The Federal Communications Commission has committed to improving broadband access, both wireline and wireless, to at least 245,000 Alaska residents over the next 10 years. But in a rare move, two FCC commissioners who often face off on opposite sides of discussions around telecom regulation, Ajit Pai and Mignon Clyburn, both dissented over the new Order.
“…the Alaska Plan does little to address the very real middle-mile problem” in the state, said Clyburn in a dissenting opinion written after the order passed this week.
Pai agreed in his dissent (PDF), saying that he had urged his colleagues in early July to use the money slated for improving broadband in the state to fund middle-mile construction in remote parts of Alaska, which are largely served by slower satellite-based broadband. “Unfortunately we fell just one vote short,” he said.

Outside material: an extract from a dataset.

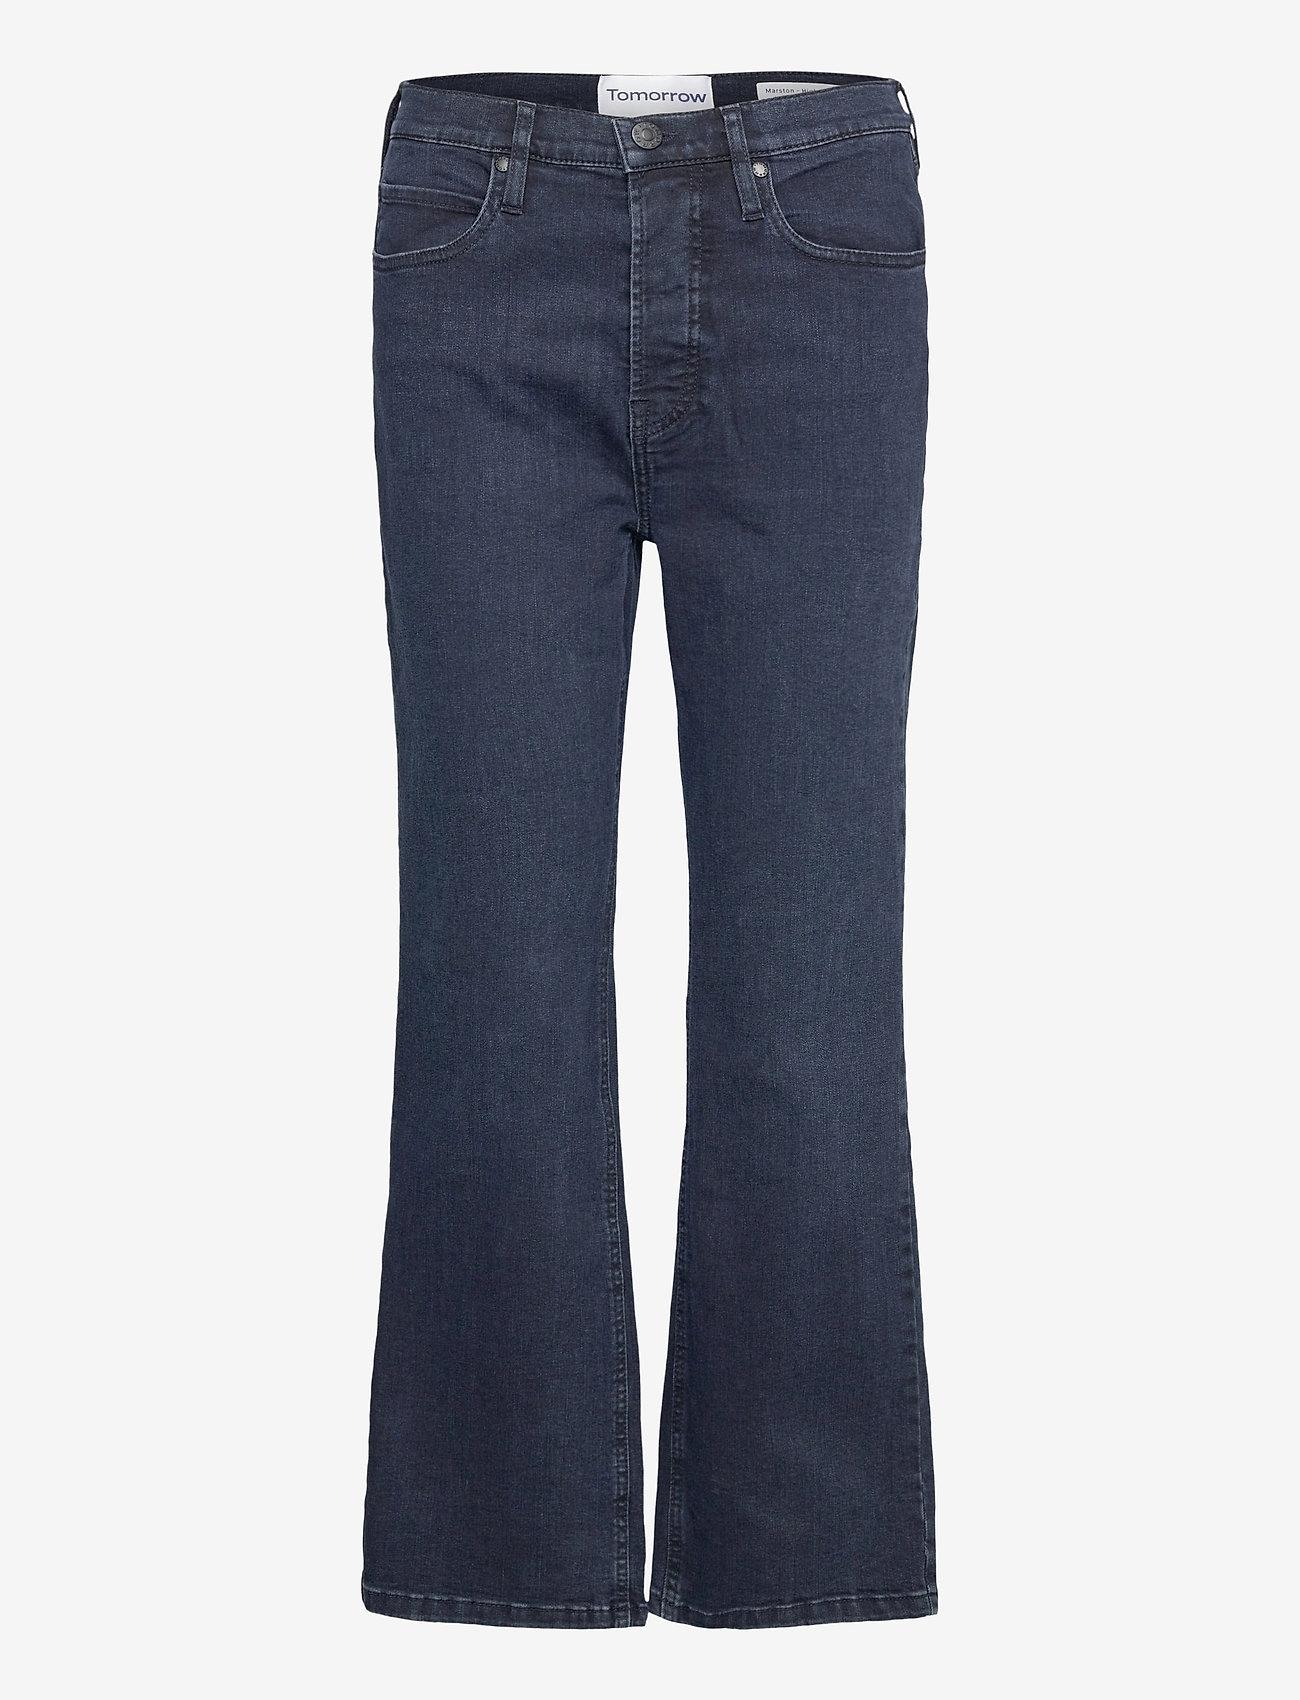 Tomorrow - Marston jeans wash Austin - schlaghosen - denim blue - 0
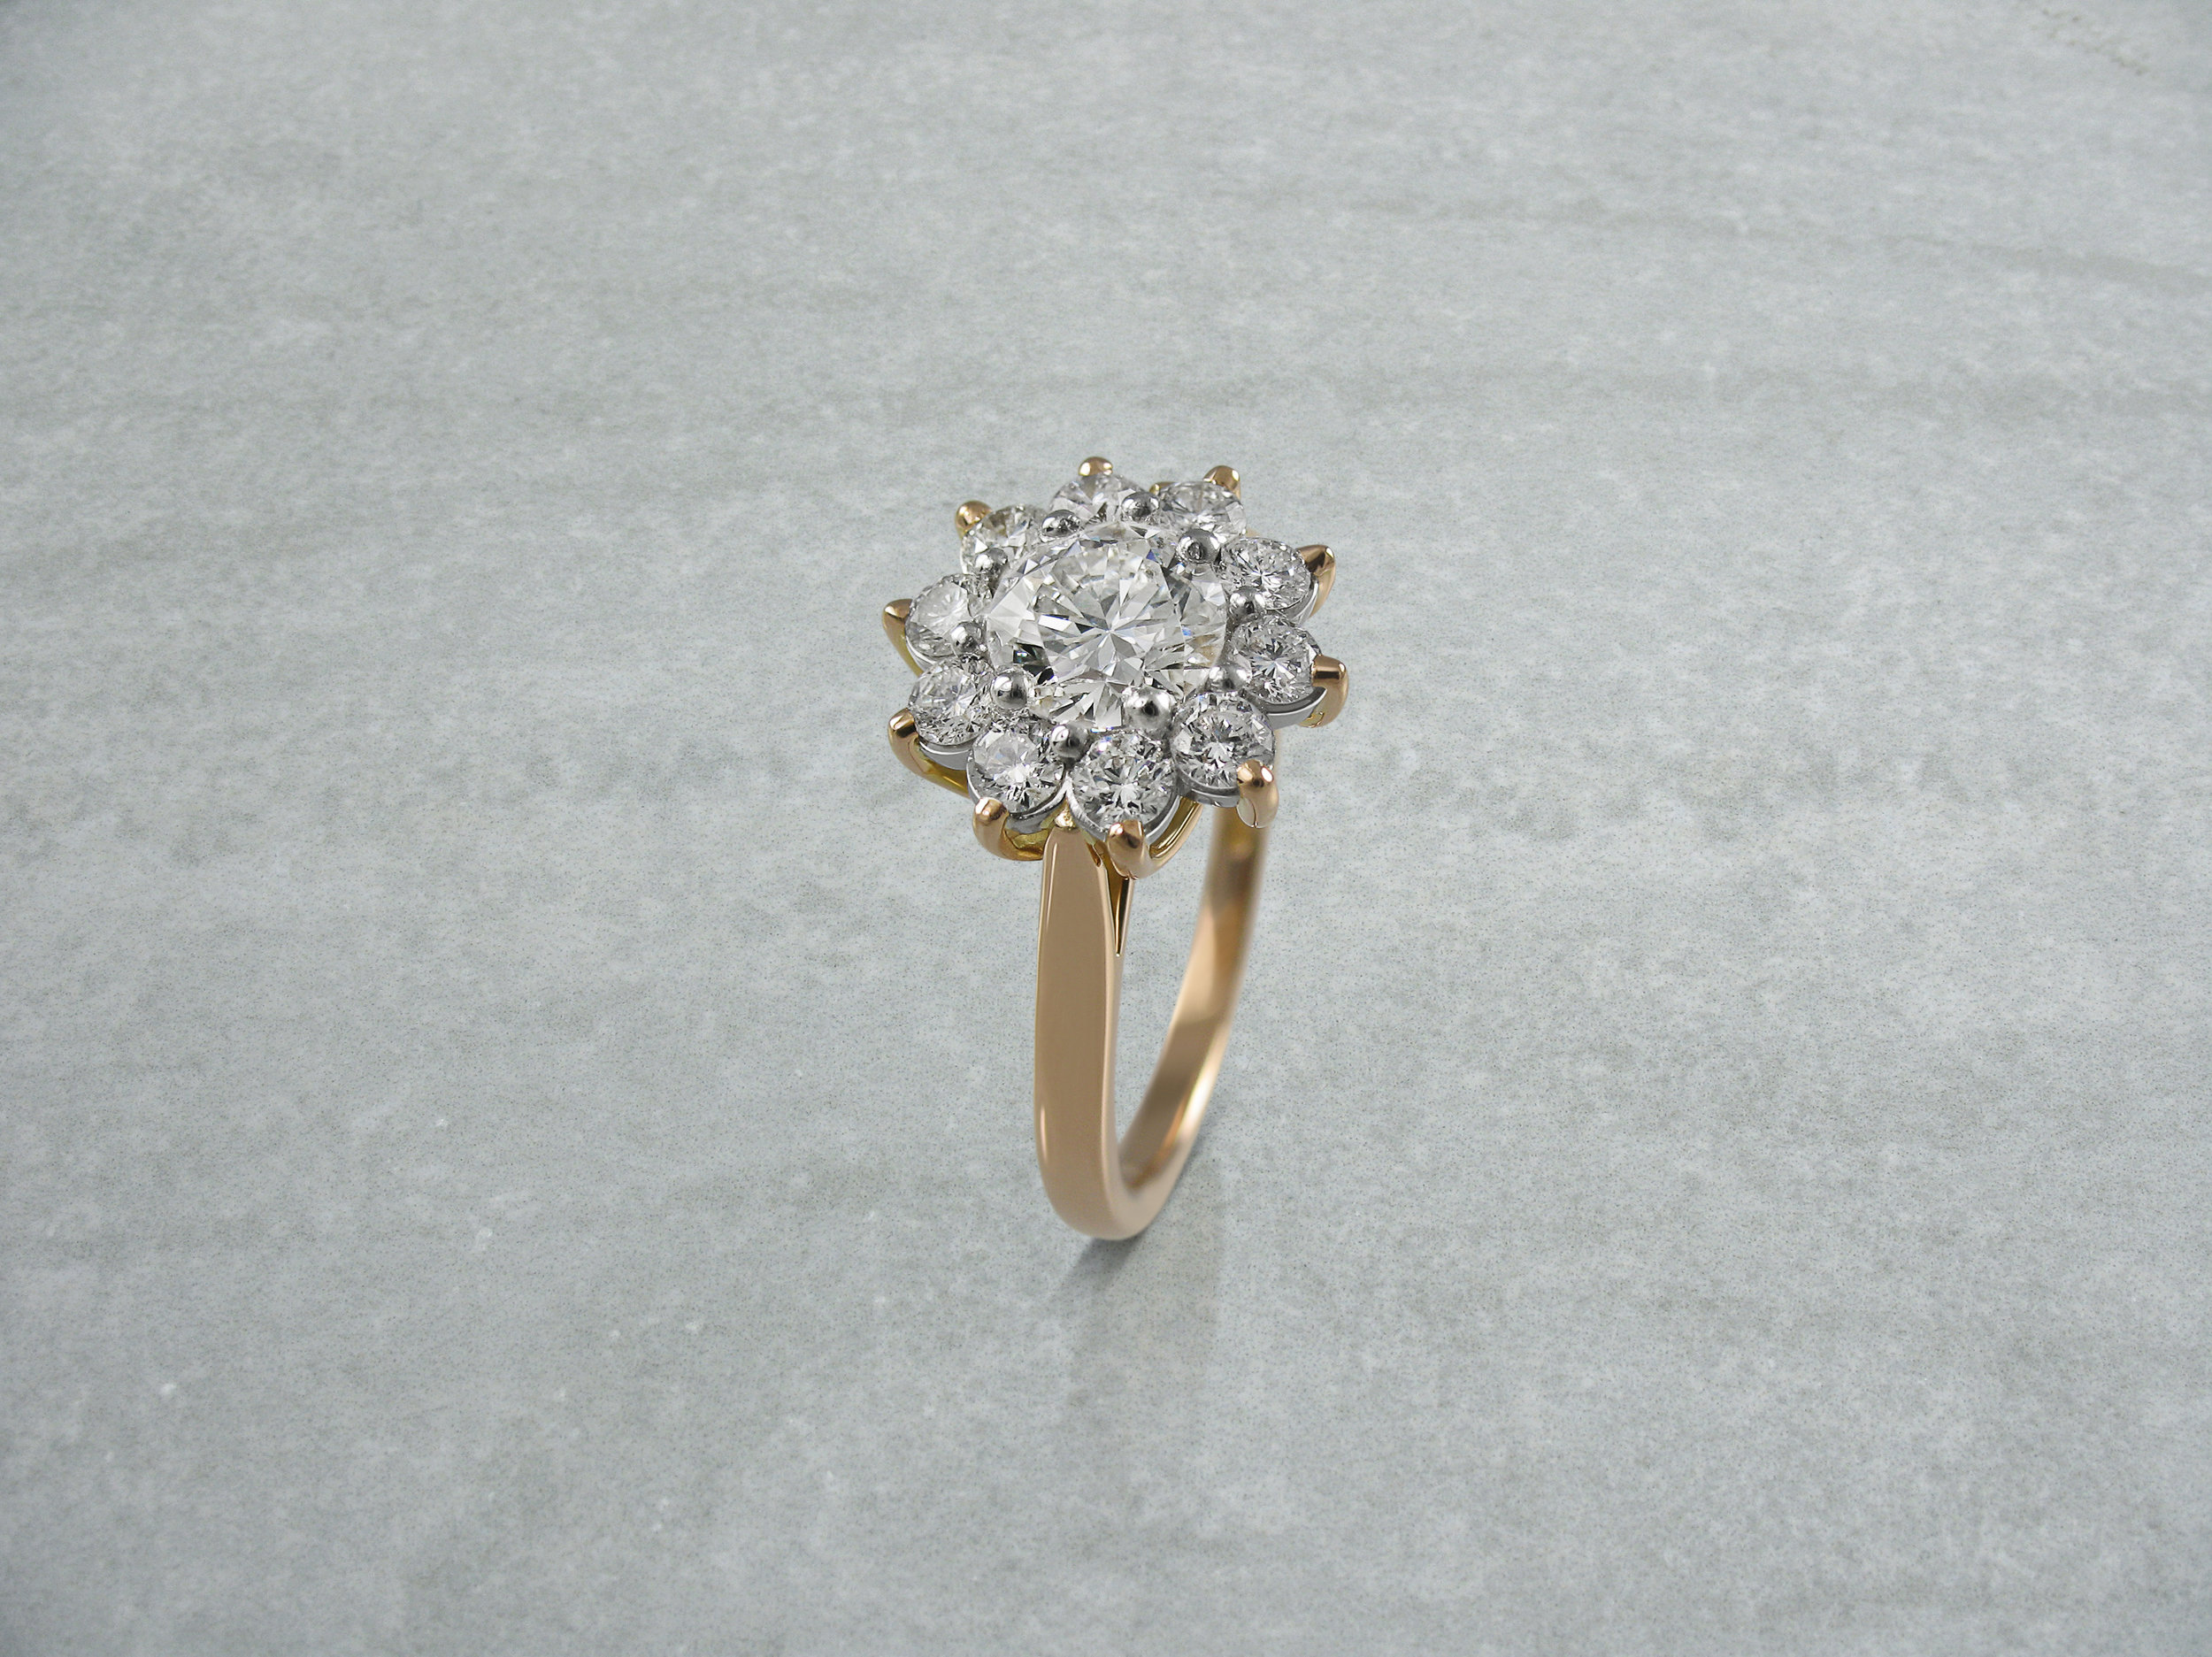 Round brilliant cut diamond rose gold cluster engagement ring

The FCC adopted a consensus plan created in February 2015 by the Alaska Telephone Association (ATA) that maintains, upgrades and extends broadband service across the state by both wireline and wireless carriers.
Participating ILECs will receive a fixed amount of support, frozen at adjusted 2011 levels, to maintain and upgrade their networks, and must meet specific performance requirements to continue receiving that support throughout the 10-year period, the order said.
Alaska was exempted from the FCC’s 2016 Rate-of-Return Reform Order, which was created partly to ensure that universal service funds were distributed efficiently. However, Alaska’s climate and terrain present unique challenges for service providers, necessitating the new Order, the FCC said.
Providers can elect to return to the voluntary Alternative Connect America Model (A-CAM) set forth for telecoms located outside Alaska.
Both Clyburn and Pai said that the Alaska Plan also violates a key principle of universal service reform, that of supporting multiple, overlapping telecom providers. “With Alaska’s ‘sublime scale,’ we should instead be directing support to areas that are unserved, not subsidizing competition in areas that already receive mobile service,” Clyburn said.
Pai noted that Alaska providers didn’t seem to have given much attention to issues like competitive overlap. “Even if some overlap does emerge, the Order makes clear that no one has thought through what happens next. How will we identify the support associated with the overlap? We don’t know. How will we decide which wireless carrier will continue to receive support? We don’t know. How will we change the performance obligations of the carrier that loses support? We don’t know,” he said.
The commissioner said that providing fixed support to overlapping carriers would result in “wasted payments” totaling $365 million.